I don't even know what dress sizes translate to! They use so many different ways of measuring I'll just try on what looks like will fit and not even bother with the size. '~'


----------



## Cover3 (Feb 2, 2011)

Tawanda said:


> I don't even know what dress sizes translate to! They use so many different ways of measuring I'll just try on what looks like will fit and not even bother with the size. '~'


see? girls clothes are SO confusing even girls themselves can't make sense of it, sometimes I see stuff on the racks so small I wonder how any lady would fit in it, these things are made up of elastics, lol.


----------



## ficsci (May 4, 2011)

Actually my body measurements don't fit 1 dress size. It could fit anything between size 4 and 10, depending on which part of my body you measure.

Also, standardized US dress sizes assumes 1 body type, which is that the woman's hips circumference is larger than her bust circumference. That automatically crosses out the body type that a lot of scientists in the present day assumes to be the most attractive female body type, which is the hourglass.

You see, appearance and fashion are interesting topics, but it's not limited to 1 perspective of shapes and sizes. It can be seen from any aspect, from queer theory to economics. Currently, US dress sizes has been heavily affected by the high consumption of fast food and mutated, over-drugged livestock, hence by US's capitalist economy/society. Sorry, I'm just defending an area that might possibly be my future.


----------



## Cover3 (Feb 2, 2011)

ficsci said:


> Actually my body measurements don't fit 1 dress size. It could fit anything between size 4 and 10, depending on which part of my body you measure.
> 
> Also, standardized US dress sizes assumes 1 body type, which is that the woman's hips circumference is larger than her bust circumference. That automatically crosses out the body type that a lot of scientists in the present day assumes to be the most attractive female body type, which is the hourglass.
> 
> You see, appearance and fashion are interesting topics, but it's not limited to 1 perspective of shapes and sizes. It can be seen from any aspect, from queer theory to economics. Currently, US dress sizes has been heavily affected by the high consumption of fast food and mutated, over-drugged livestock, hence by US's capitalist economy/society. Sorry, I'm just defending an area that might possibly be my future.

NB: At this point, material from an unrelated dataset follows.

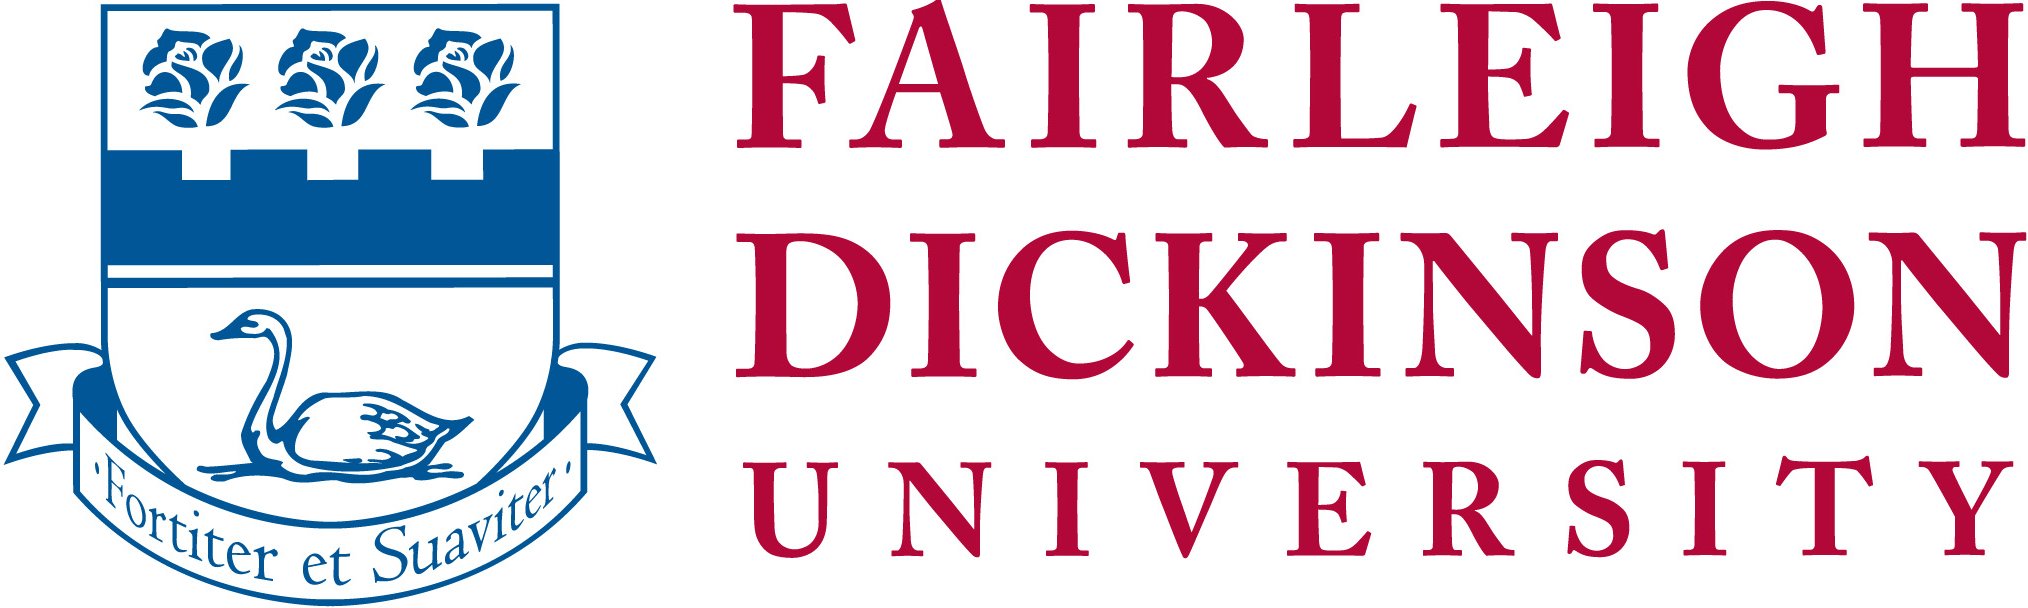 fairleigh-dickinson-university-vancouver

Yea, I have big problems with em' too, can go from 6 to 9 ish


DOH, my cross-dressing cover is now blown

xD


----------



## Anythingisfine (Aug 16, 2011)

tooboku said:


> Oh right. You just provoked this one. I like skinny girls because I like to watch the bump my dick makes under their bellybuttons. Is that what was so disturbing? Seriously, get a life


So you're saying you're basically fucking her internal organs? The vagina doesn't extend past the belly button dude, maybe an anatomy lesson is in order here.


----------



## MonieJ (Nov 22, 2010)

I say 6 or 8 

but I mean it differs between ppl 

this thread is prob gonna get closed soon though >.>


----------



## tooboku (Jun 9, 2010)

Aveira said:


> So you're saying you're basically fucking her internal organs? The vagina doesn't extend past the belly button dude, maybe an anatomy lesson is in order here.


maybe a lesson in sarcasm is in order.


----------



## Anythingisfine (Aug 16, 2011)

tooboku said:


> maybe a lesson in sarcasm is in order.


I didn't know sarcasm was what they call _*that*_.


----------



## tooboku (Jun 9, 2010)

Anyway...

This is what I was talking about before with the designers. I'm using videos because they're harder to doctor.

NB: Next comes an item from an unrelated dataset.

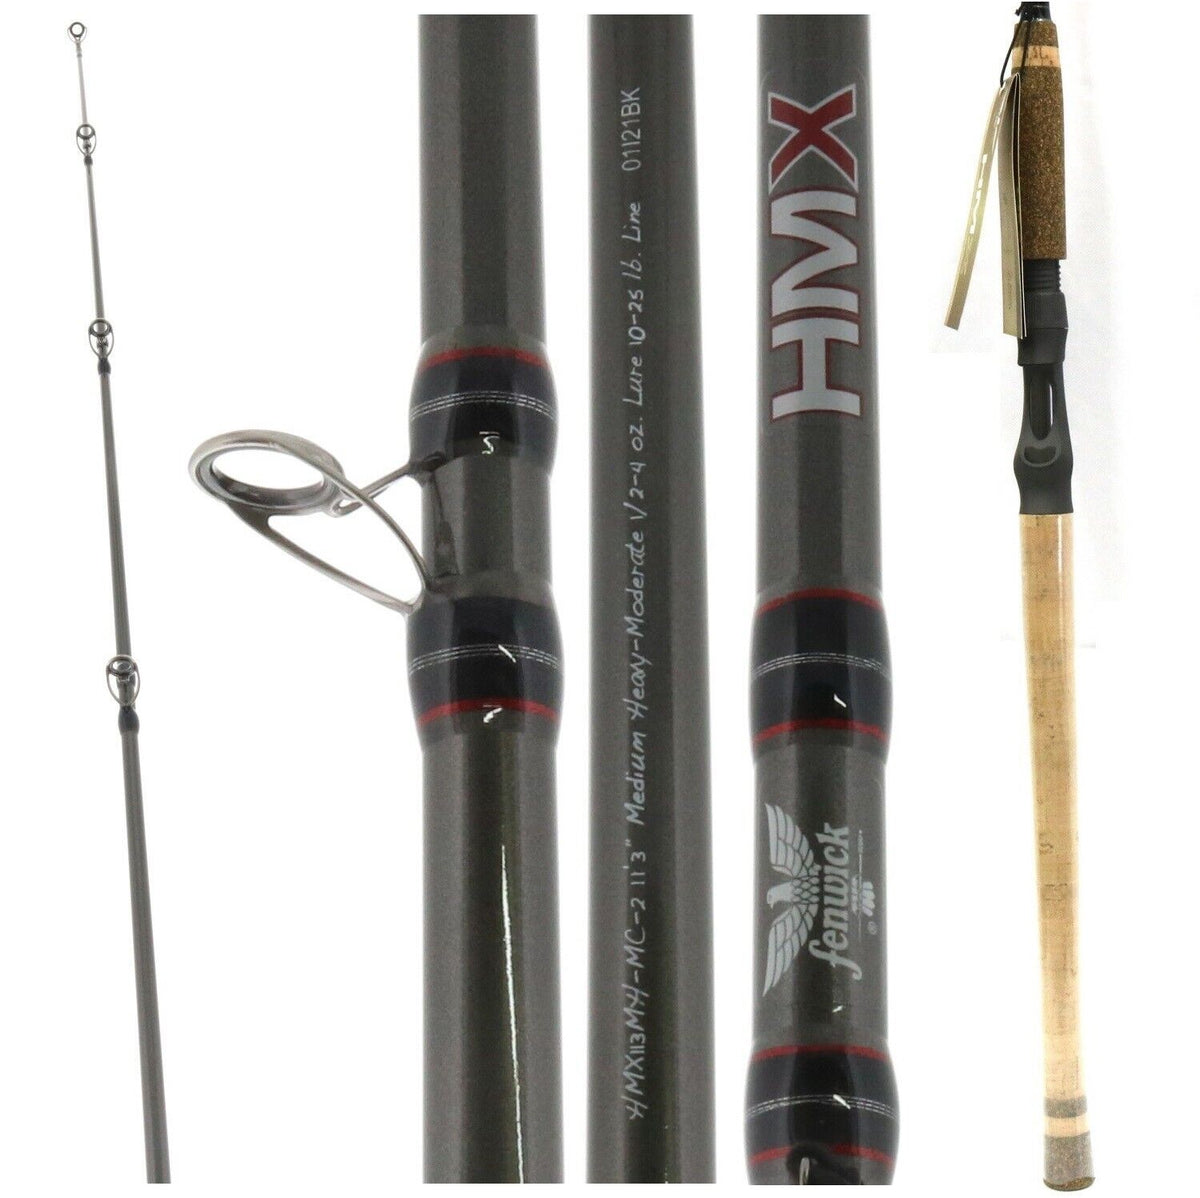 Fenwick HMX Spinning Fishing Rod, 6'6 - Medium - 2pcs

There's no direct comparisson because Sisley is a premium European brand while Reitmans is more affordable North American one. The fabrics are different quality and the designers for one brand are more sober than the other. Sisley is also unlikely to use a "normal" sized model for their ads while Reitmans understocks size 4, but you can see a difference. Height doesn't make much difference on the fit as most of the difference in height comes from the arms and legs. Asides from some hemming on the sleeves and legs, the same size 4 dress will typically look just as good on a 5'3" woman as it does on a 5'11" woman. The lines on the thiner model are much more crisp and excentuate the female figure while Reitmans tries to hide parts of the figure you might not think are attractive. However, I used to work at a Benetton and I've seen what happens past 44 (size 8). You lose a lot of the flattering lines and you might as well shop at Laura Plus. Hate me if you want but at least I'm being honest.


----------



## LotusBlossom (Apr 2, 2011)

poll results show that women care more about this than men do.

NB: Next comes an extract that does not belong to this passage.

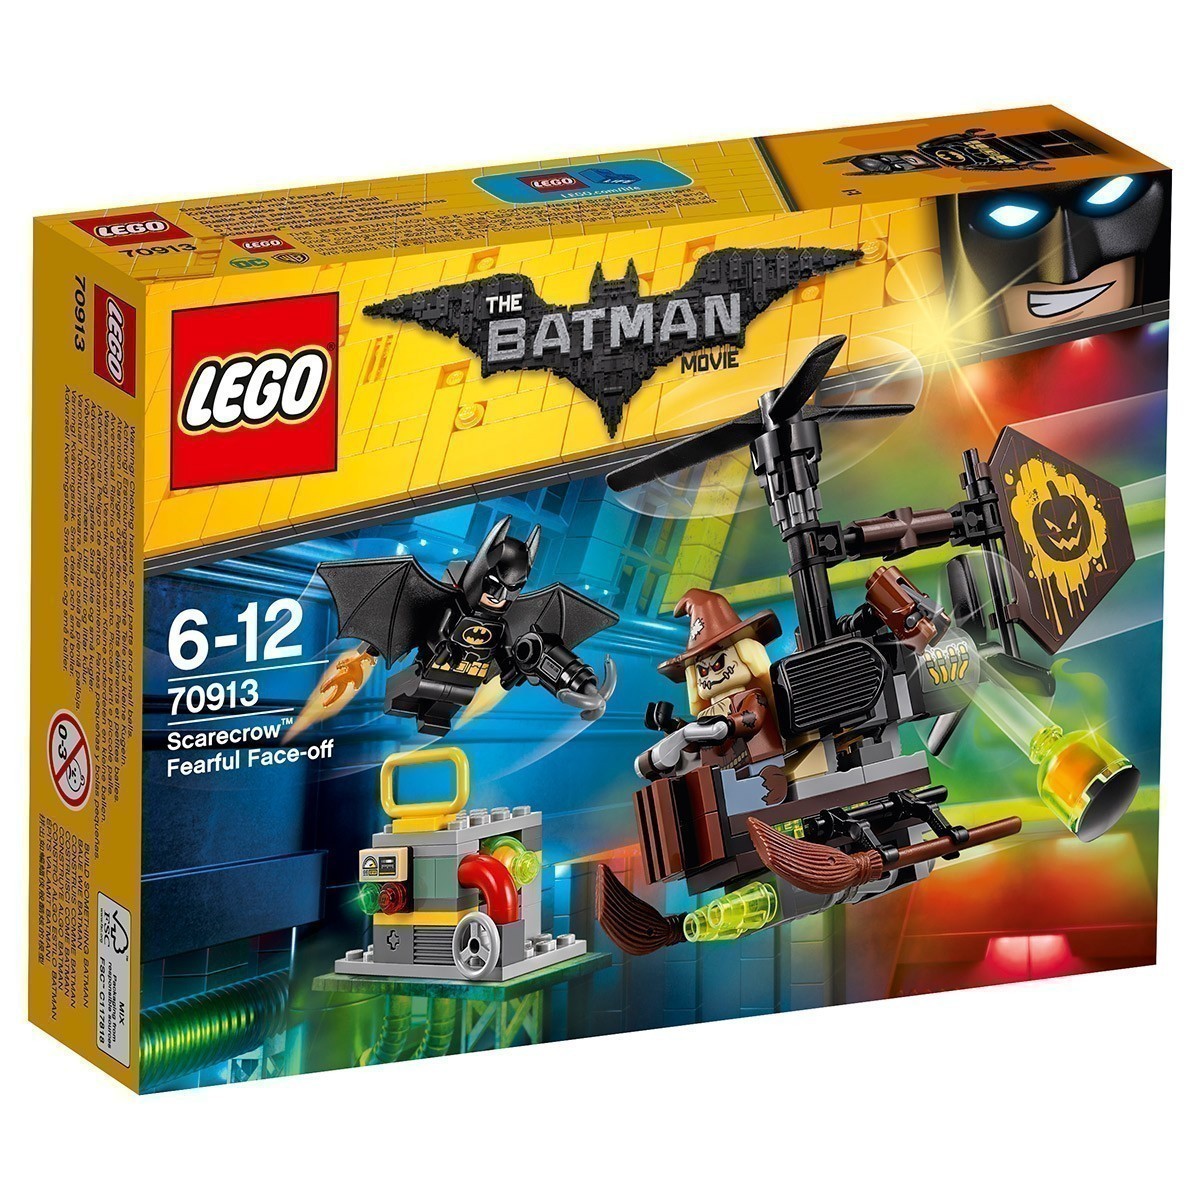 LEGO - The Batman Movie - 70913 Scarecrow Fearful Face-Off

and IMO this poll is massively flawed, as it doesn't take vanity labeling - a common practice - into consideration, among other things.


----------



## shadowofambivalence (May 11, 2011)

you do know that this sort of thing is all based on perspective...


----------



## The Proof (Aug 5, 2009)

Cover3 said:


> You do realize that men have no idea what dress sizes actually translate to irl?


OP add a visual scale, no man really cares about measurements


----------